• AIM OF THE EXERCISE: All pictures are to be excluded when the data below is output verbatim.

• SUPPLIED MATERIAL:
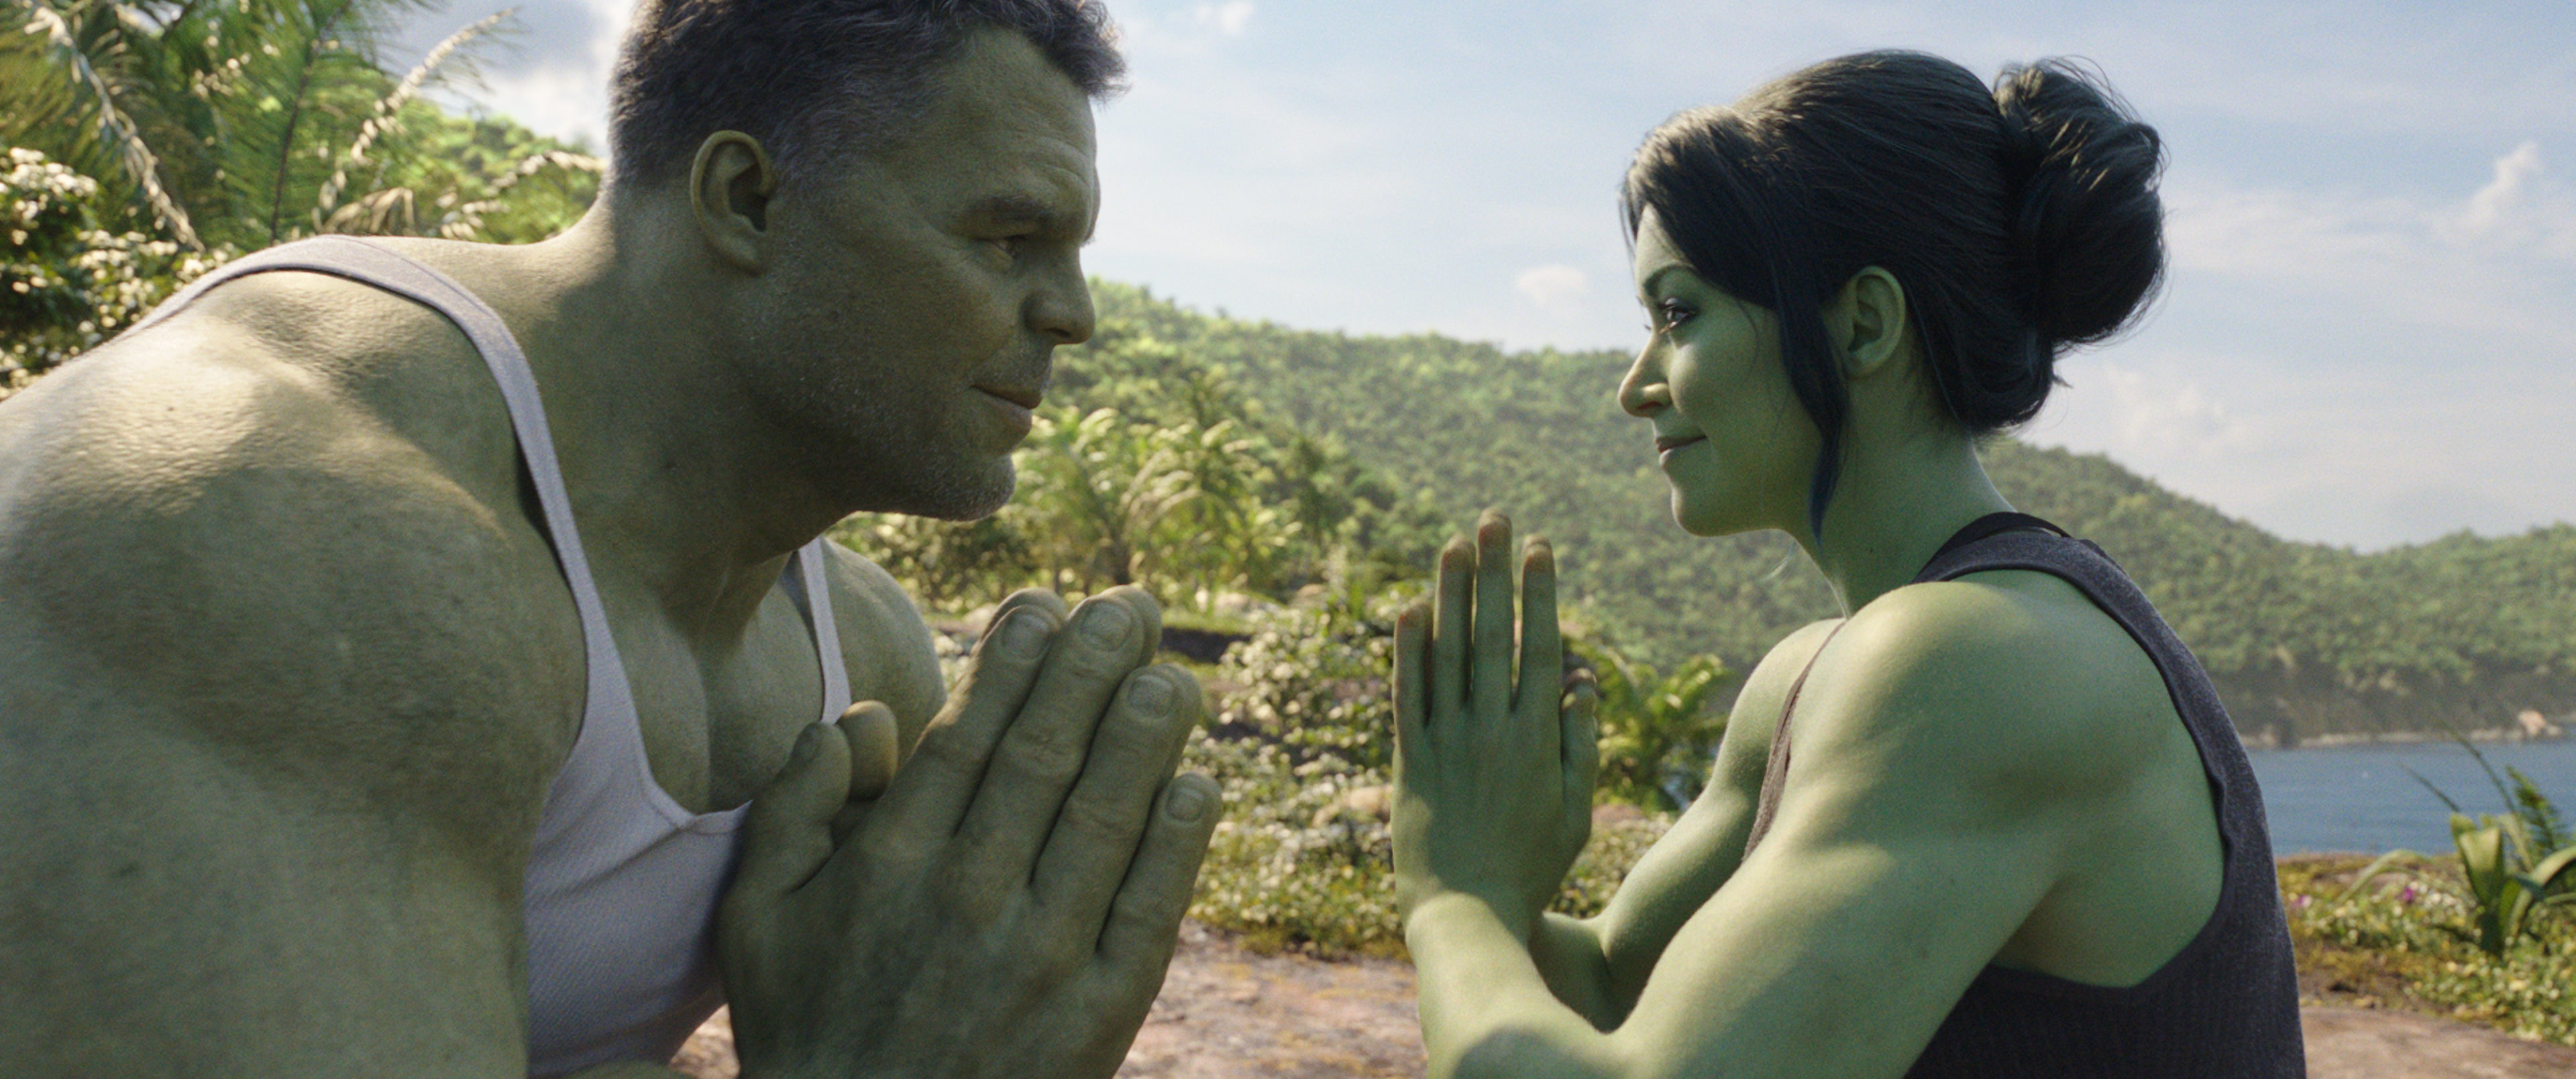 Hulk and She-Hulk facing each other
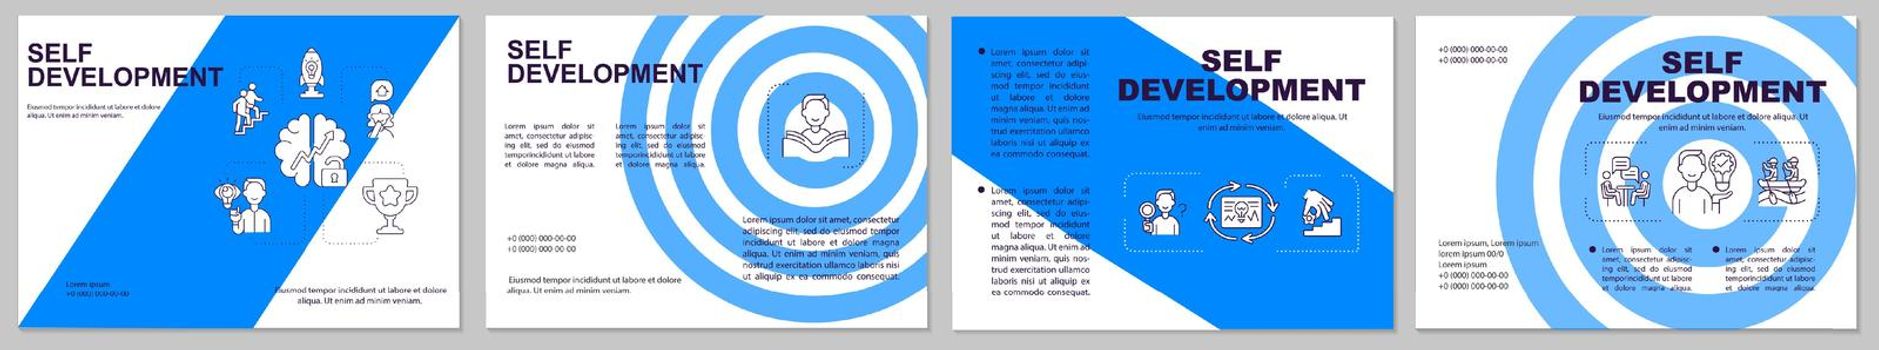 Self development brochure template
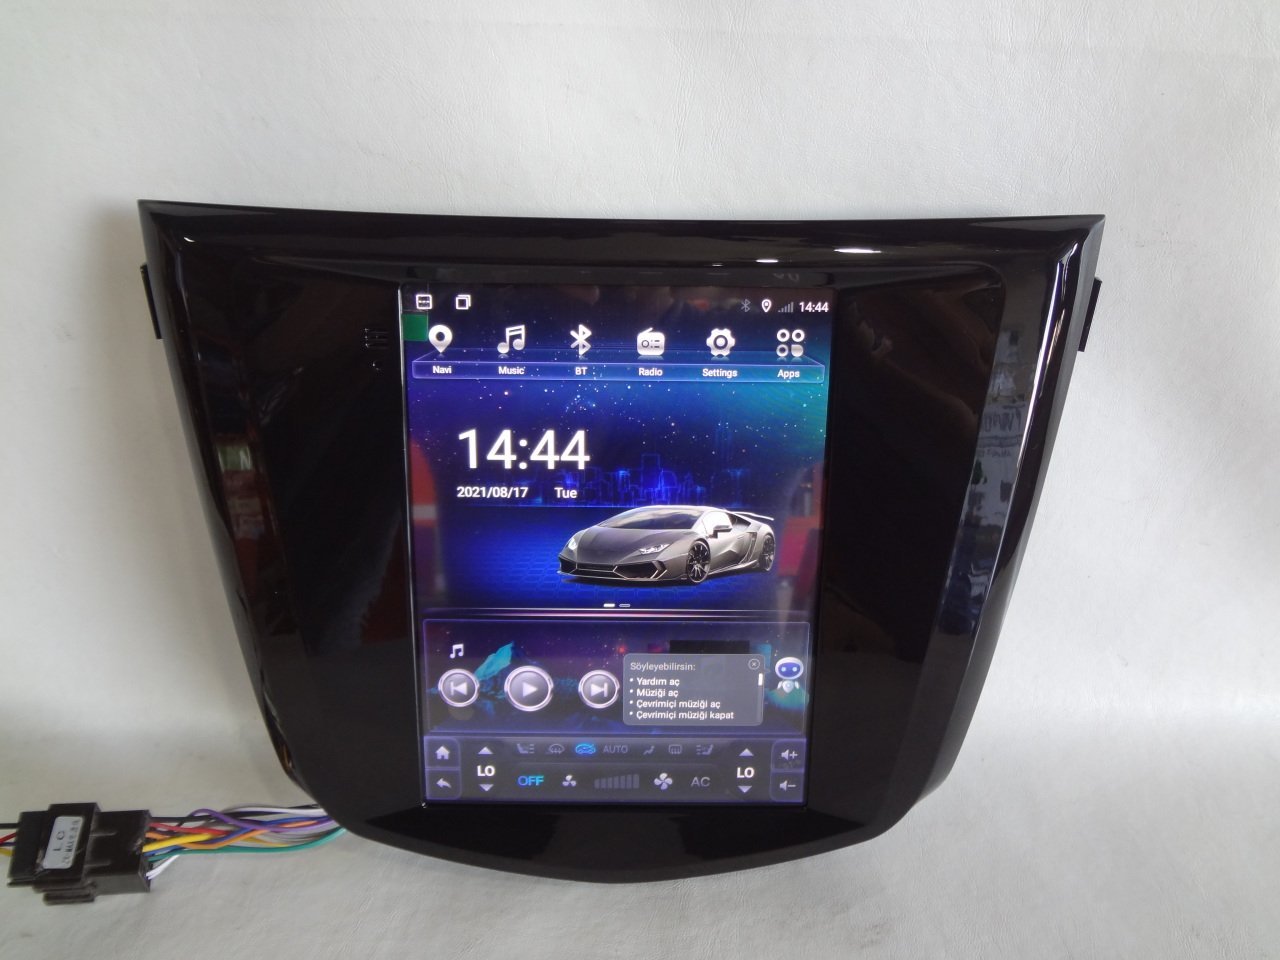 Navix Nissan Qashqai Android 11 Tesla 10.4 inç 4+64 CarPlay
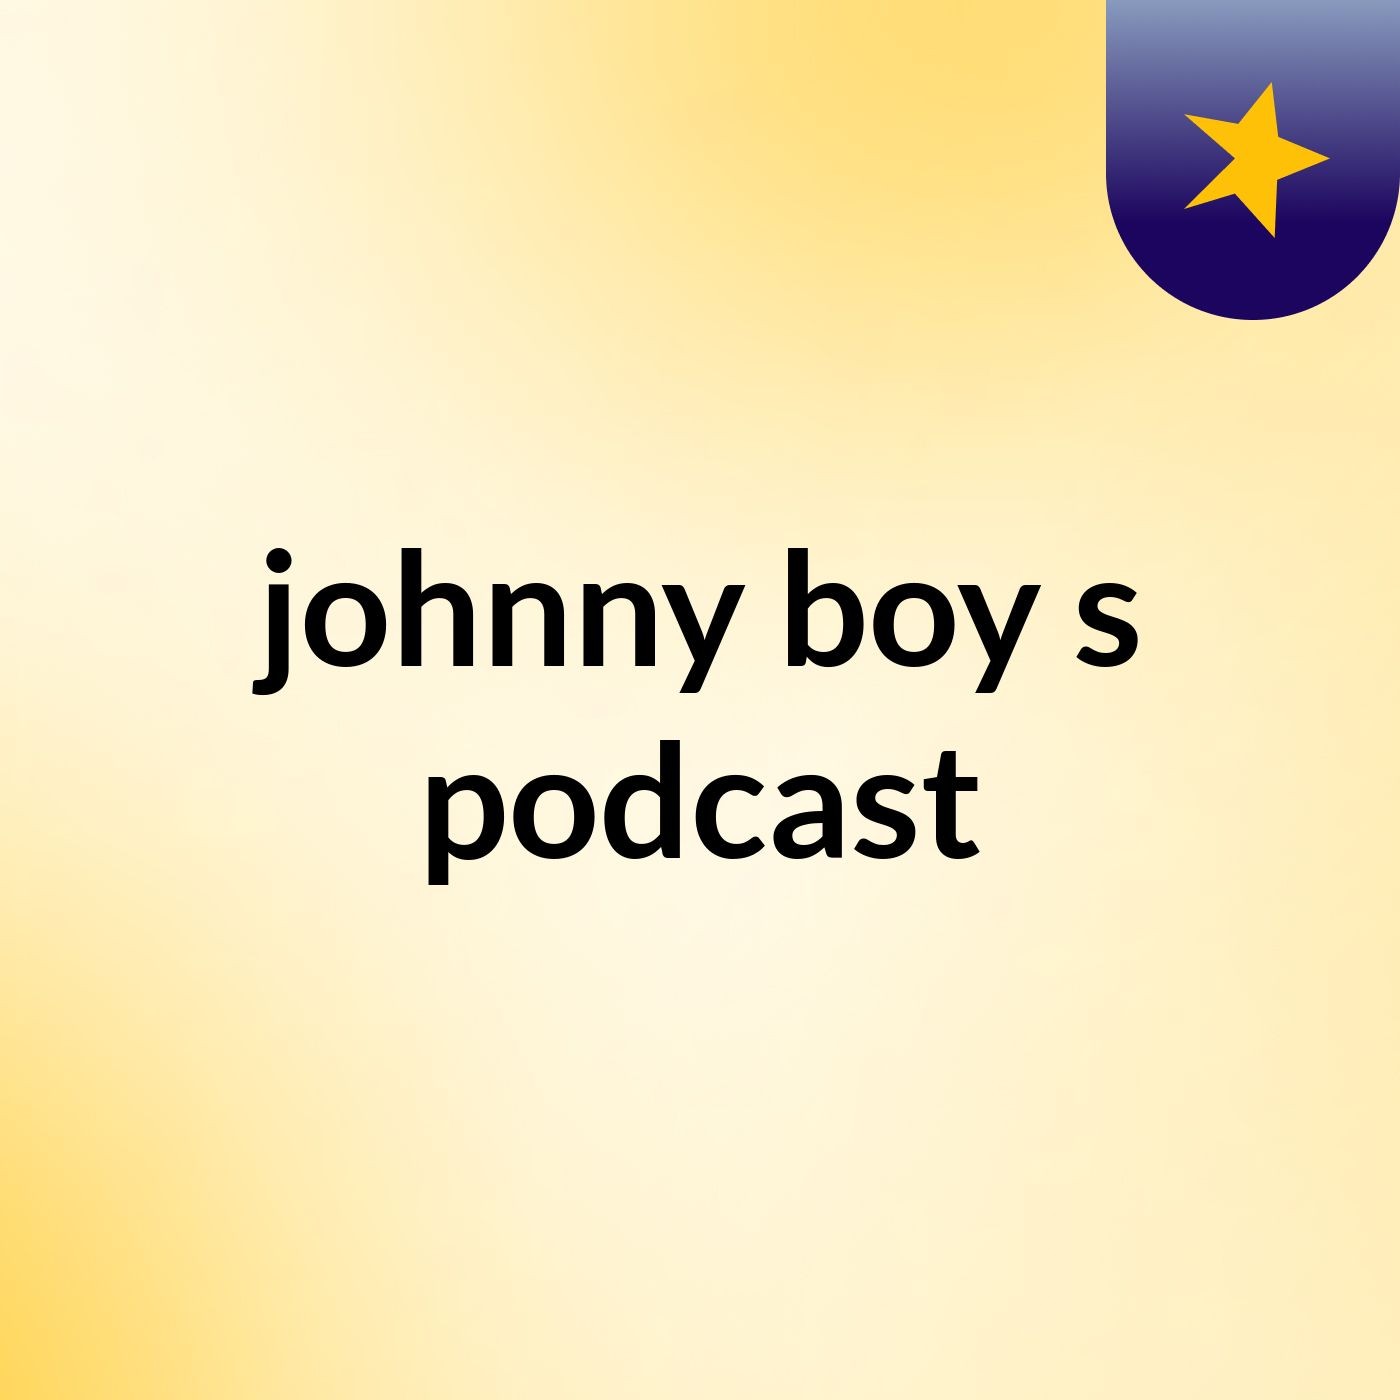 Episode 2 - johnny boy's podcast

• RESULT:
 Hulk and She-Hulk facing each other
 Self development brochure template
 Navix Nissan Qashqai Android 11 Tesla 10.4 inç 4+64 CarPlay
 Episode 2 - johnny boy's podcast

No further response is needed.